E-commerce is set to explode in Japan, from about $4 billion in 1999 to $693 billion in 2003, according to a recent report from Andersen Consulting and Japan’s Ministry of International Trade and Industry (MITI). The study reports that business-to-business (B2B) e-commerce in Japan skyrocketed to $3.2 billion in 1999, a 420 percent increase from the previous year’s $610 million. MITI and Andersen Consulting expect this expansion to continue until B2B e-commerce reaches $651 billion in 2003.

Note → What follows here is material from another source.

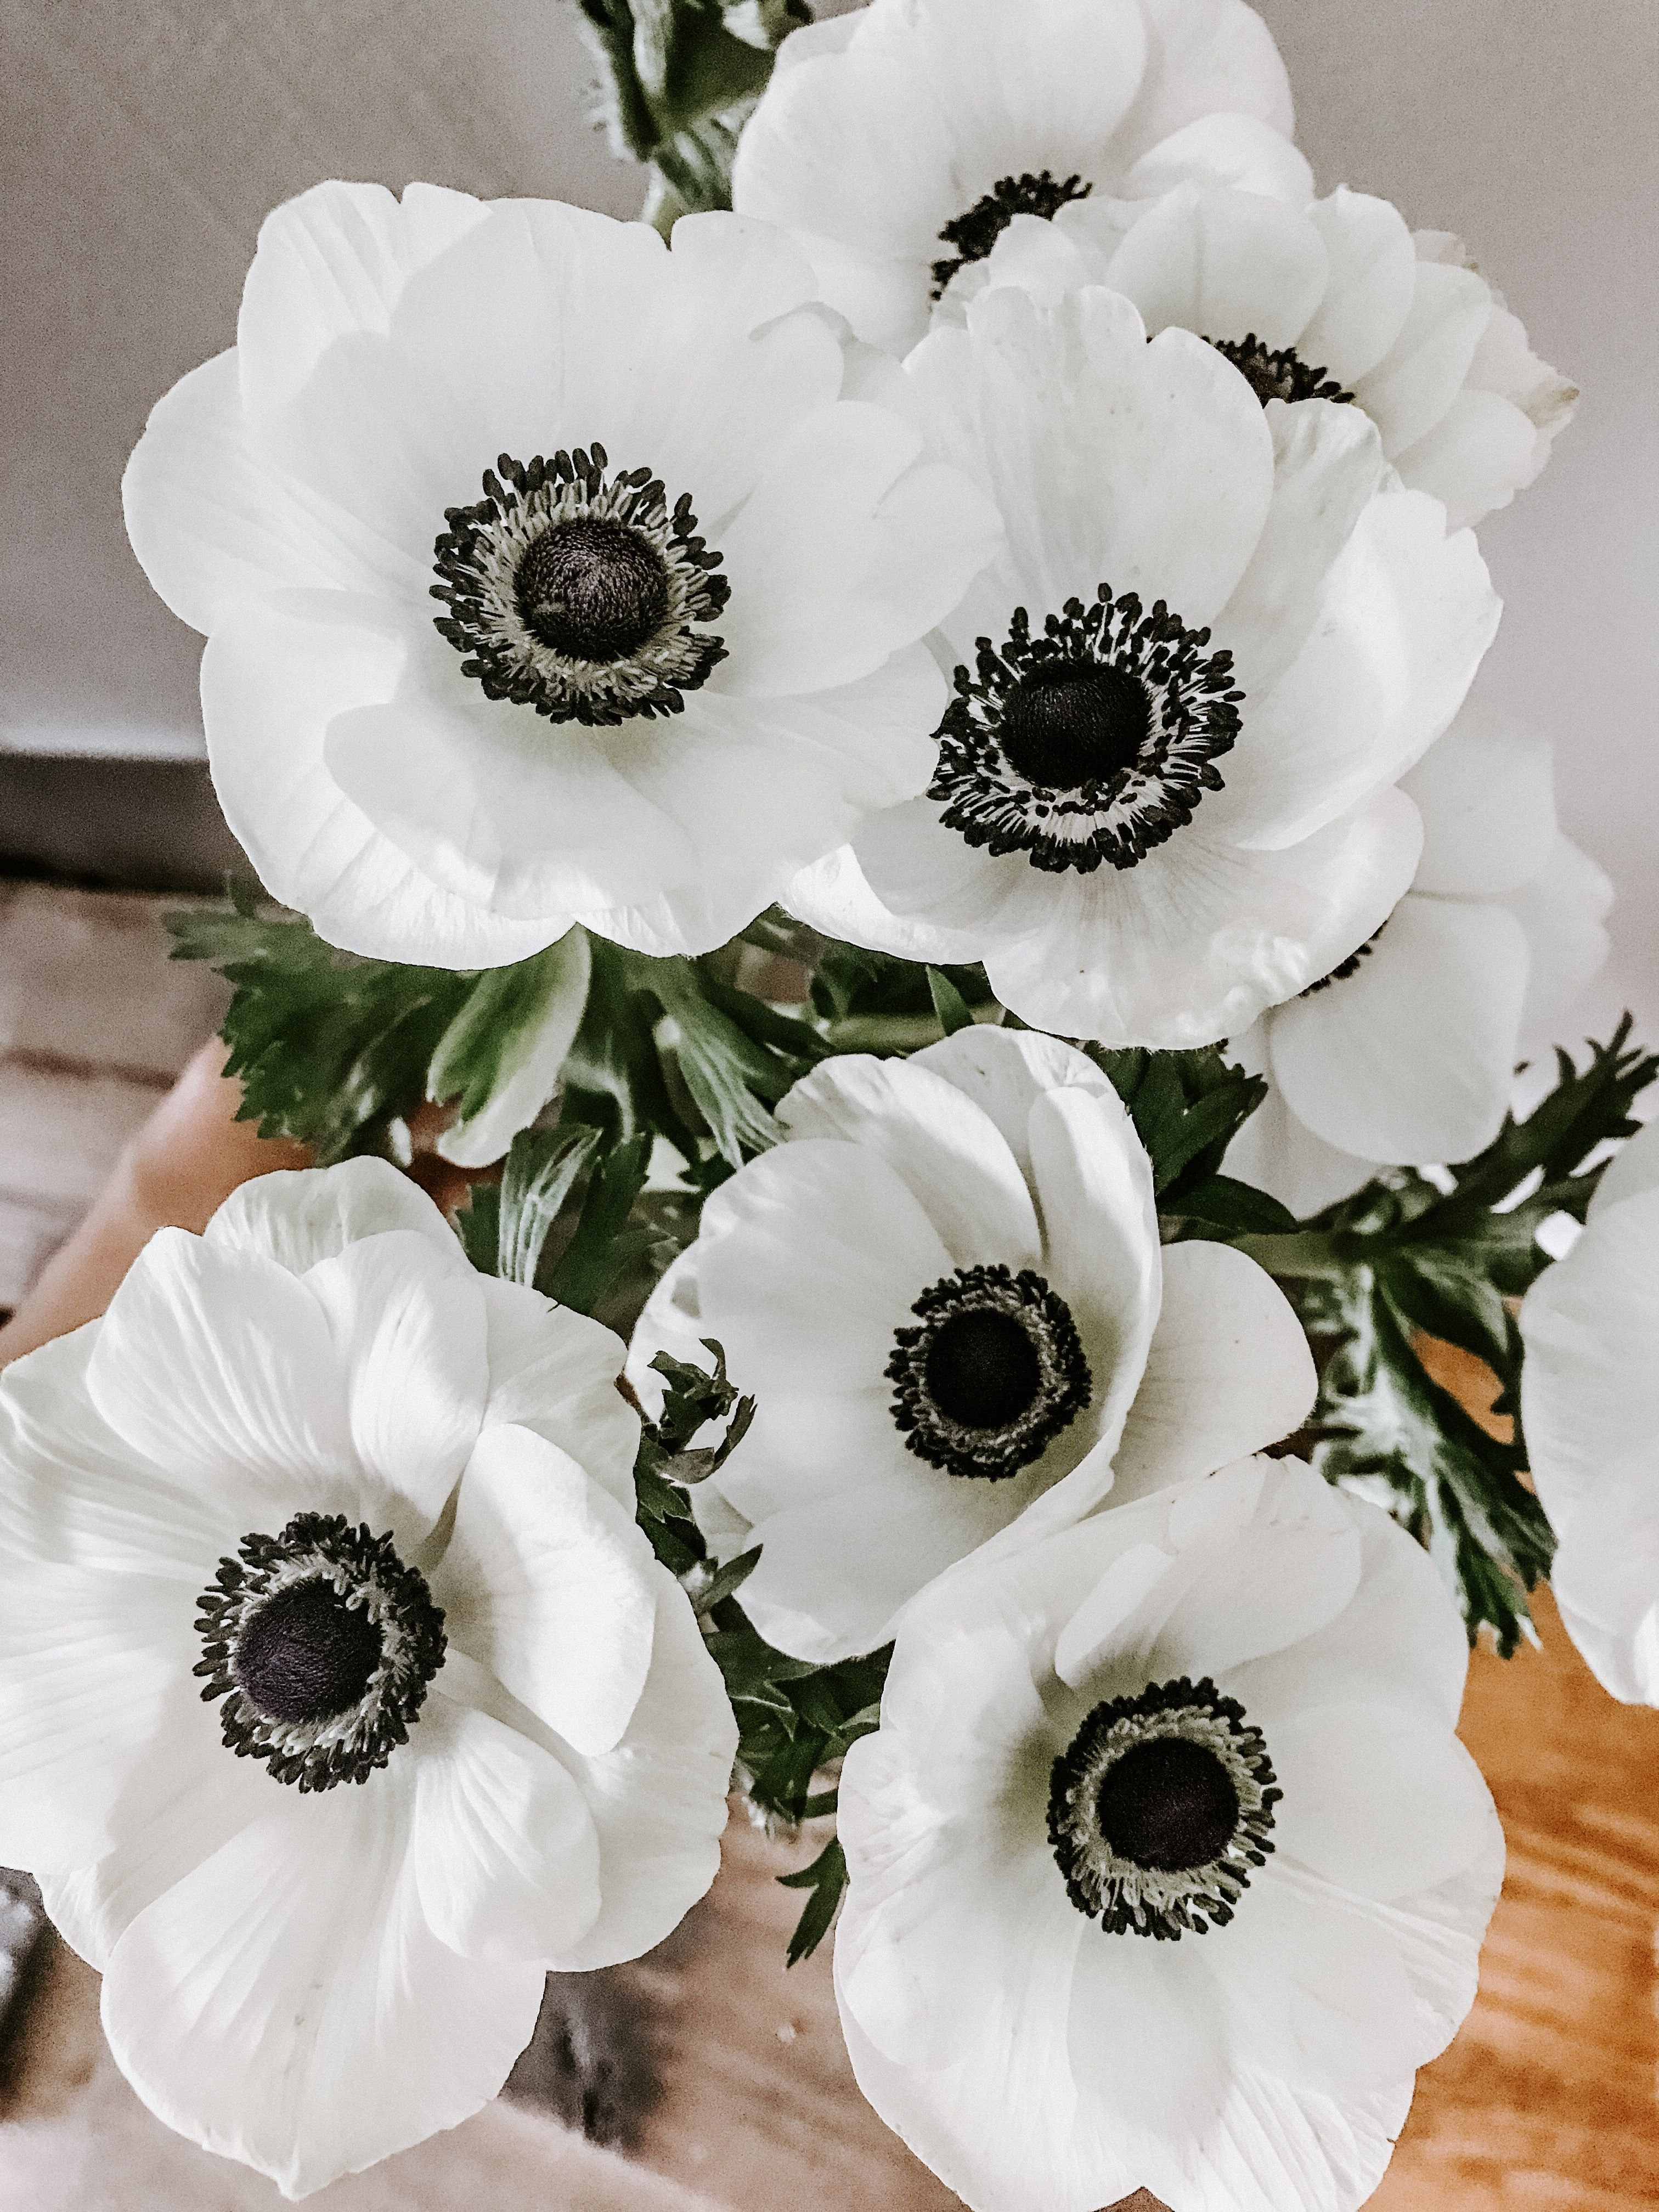 Black Eyed Anemones Anemone Flower Pretty Flowers Flower Arrangements

Meanwhile, business-to-consumer (B2C) e-commerce in Japan is steadily climbing. Andersen predicts that B2C e-commerce will reach $42 billion in 2003, up from under $1 billion in 1999.

Some major technology companies have unveiled plans to tackle the world’s largest market, China, following the U.S. move earlier this year to normalize trade relations with the Chinese. For example, U.S.-based domain name registrar Network Solutions announced that it would offer 300 free and thousands of discounted Web domains to the Chinese government.

Not missing a beat, Microsoft said it would sink $90 million into marketing in the country this year, evidently in the hope that expanded sales in China will boost its bottom line and bolster the company’s strength following unfavorable rulings in the antitrust case brought by the U.S. federal government.

According to research firm GartnerGroup, Asian e-commerce will top $340 million by 2003. “There’s a big myth that Asia is light years behind the U.S., but I don’t think we’re behind at all,” said GartnerGroup’s Hong Kong-based research director Joseph Sweeney. “We’re moving in different directions in Asia,” he said.

Investor Disconnect

Indeed, all around the world e-commerce is moving in different directions, but the general drift is not downward.

Take Amazon, for example. Unfavorable analyst reports proved that even the giant among e-commerce names is vulnerable — an observation that was viewed as a shock to the industry. What is baffling, however, is that any knowledgeable industry observer would be shocked by such an obvious fact of e-commerce life.

Amazon may yet have some work to do, but the company’s extraordinary track record of customer base growth has led it to become the household name most symbolic of e-commerce. In fact, the term “e-commerce” often gets blank stares from people who only register understanding when Amazon’s name is supplied by way of definition. But as the company edges ever closer to the profitability corner, it seems that naysayers are determined to supply a frigid gust of wind to push it back.

VC Honeymoon Cut Short

The venture capitalists who sank fortunes into startups in the wild and crazy years surely must have anticipated some bumps in the road ahead. The financiers must have known that their gambles would be multi-year propositions — that the infant e-tailers they backed would need careful and patient nurturing, and that some of them would not survive the harsh climate.

To wave the shakeout flag as though e-commerce is on the point of surrender indicates a deep misunderstanding of the state of the industry today.

The impulse arises, no doubt, out of the desire for instant gratification engendered by the lightning speed of the technological era, but wise observers know that faster is not necessarily better.

Those who yank funding from fledgling dot-coms after giving them just a year or so to succeed, may find themselves on the outside looking in as the slow and steady win the race — and take home the bulging e-commerce purse.